Proposition de stage - 2023
Combining machine learning techniques for “Regulation of Artificial Intelligence” ontology building
Niveau : Master 2
Période : 5 mois
Research laboratories: DUKe/GDD, LS2N (www.ls2n.fr) & “Law and Social Changes” laboratory(dcs.univ-nantes.fr)
Margo Bernelin (Margo.Bernelin@univ-nantes.fr), “Law and Social Changes” laboratory
Mounira Harzallah (firstname.lastname@example.org), DUKe, LS2N
Patricia Serrano Alvarado (Patricia.Serrano-Alvarado@univ-nantes.fr), GDD, LS2N
The master internship will be carried out in the context of the MétaDroit project (metadata and ontologies in the field of law) within a collaboration between the team InnovSanté of the
“Law and Social Changes” laboratory (dcs.univ-nantes.fr/) and the teams DUKe and GDD of LS2N.

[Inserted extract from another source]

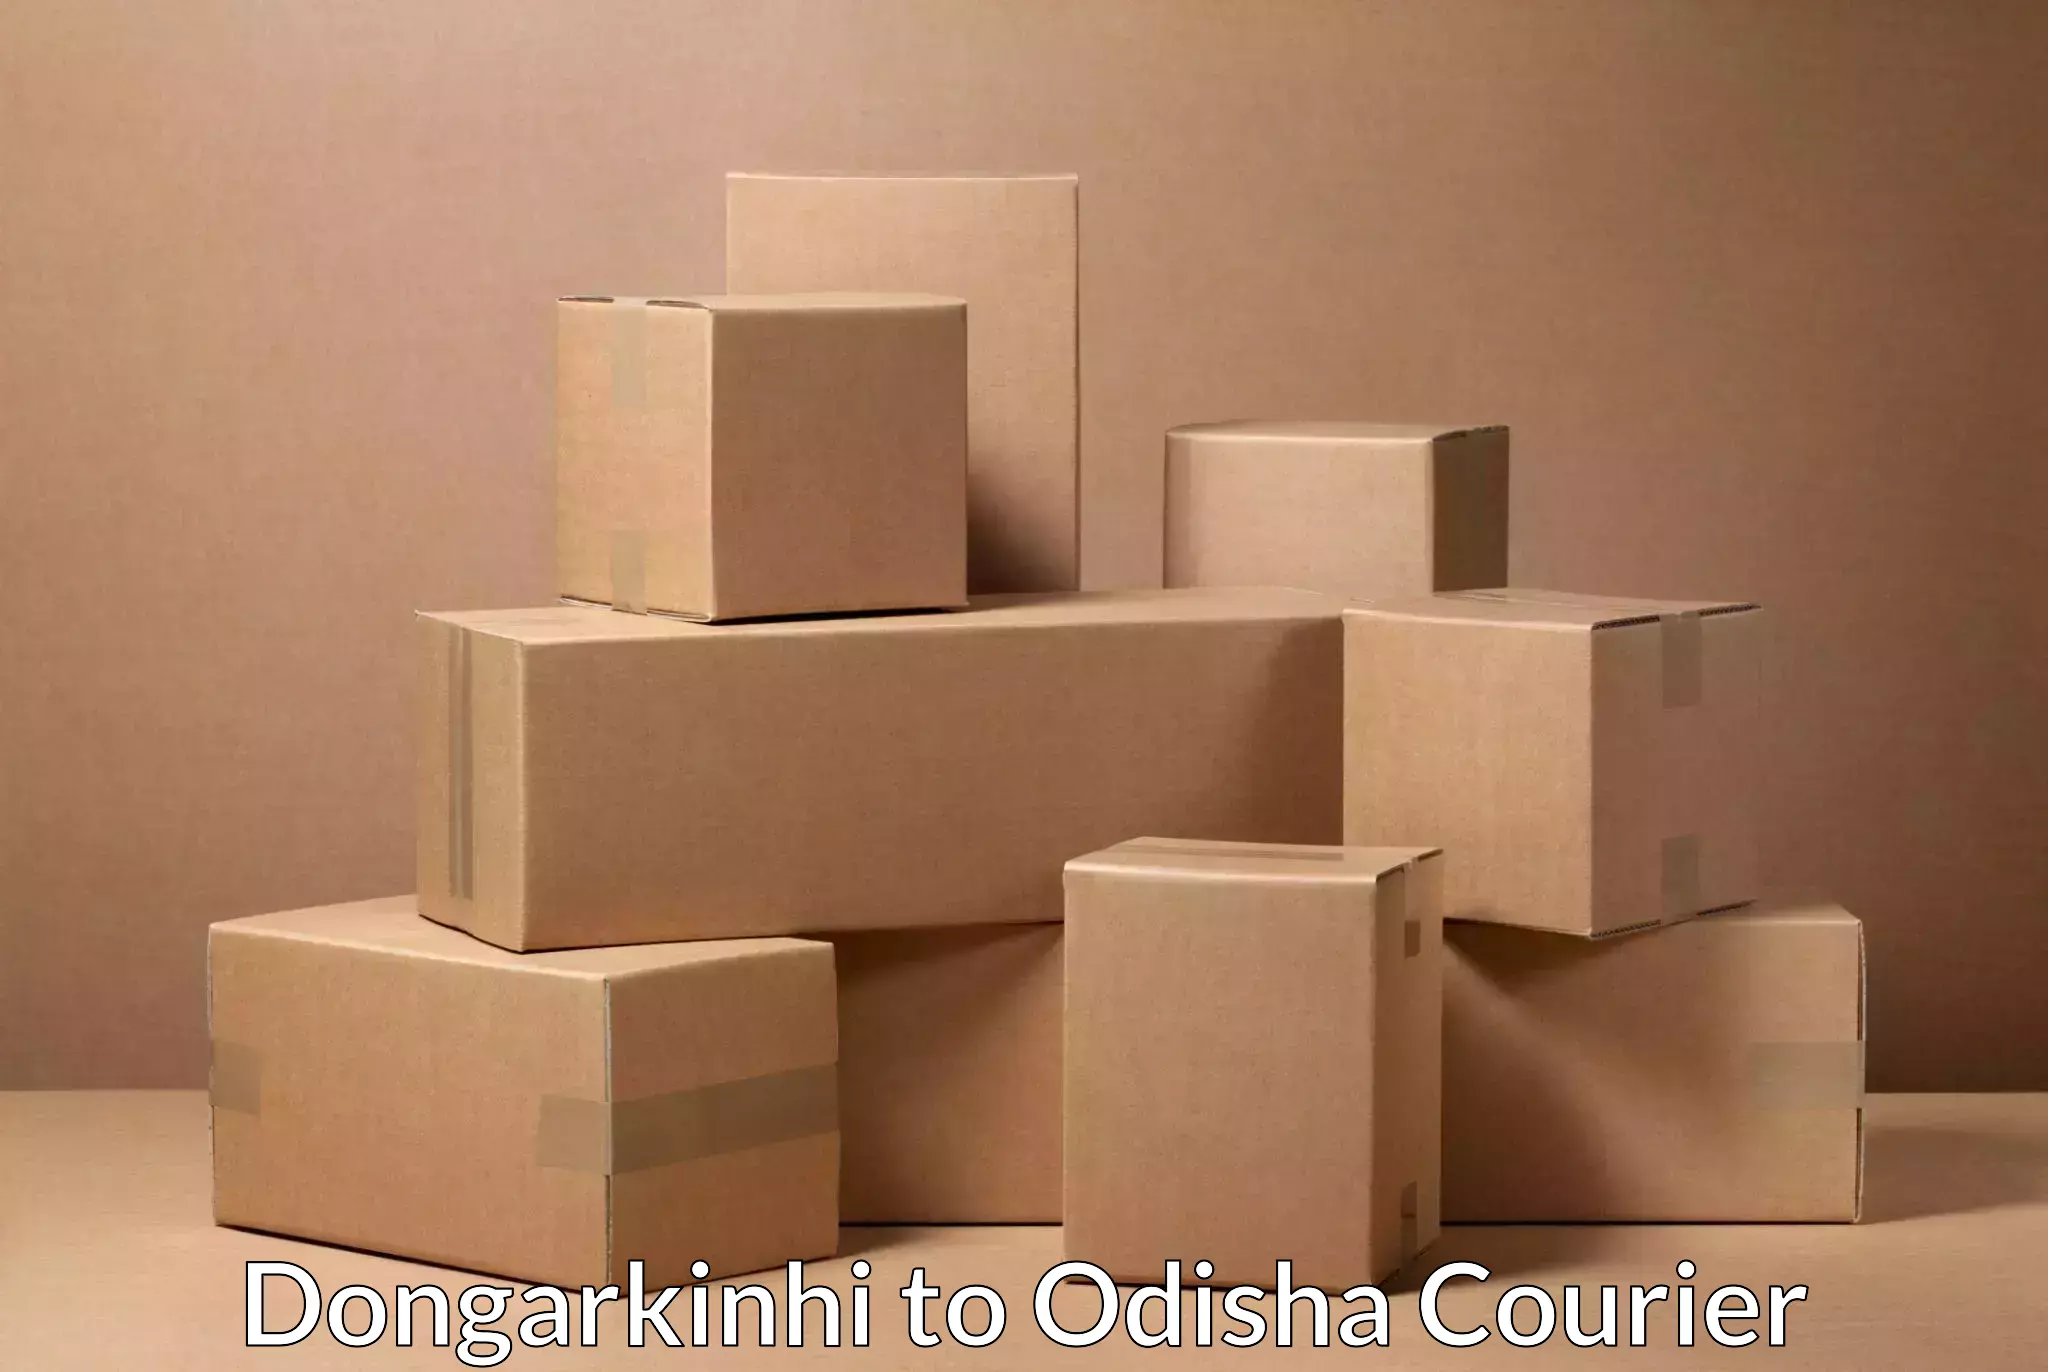 Global shipping networks Dongarkinhi to Odisha
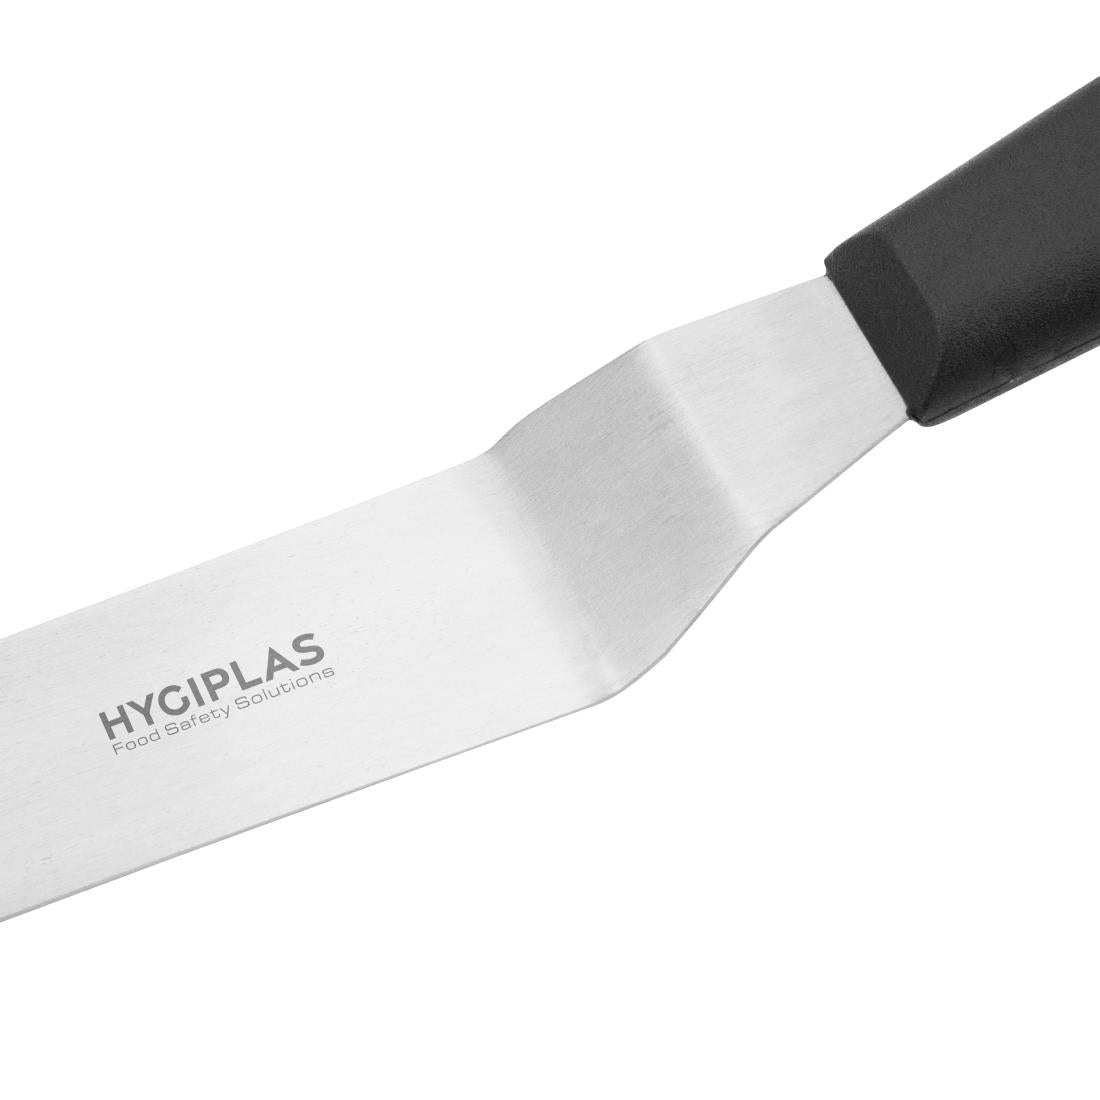 D410 Hygiplas Angled Blade Palette Knife Black 19cm JD Catering Equipment Solutions Ltd

In the project, we are interested in ontology building from texts for the “Regulation of Artificial Intelligence” domain. Indeed, the regulation of Artificial Intelligence is emerging in Law prompting legal discussions. Currently, there isn’t an ontology that formalises the knowledge of the domain and allows us for example to identify high-risk AI systems and infer for each one a set rules/constraints that should be respected or a set of horizontal obligations on its providers.
Recently, the European Commission has elaborated three texts (i.e. corpus) that aim at regulating all dimensions of AI: from conception, to marketing and liability (eur-lex.europa.eu/legal-content/FR/ALL/?uri=CELEX%3A52021PC0206). We seek to
process the corpus and test on it several machine learning approaches for ontology learning and then to compare the performance of these approaches in order to propose a combined one for building an ontology for the “Regulation of AI”.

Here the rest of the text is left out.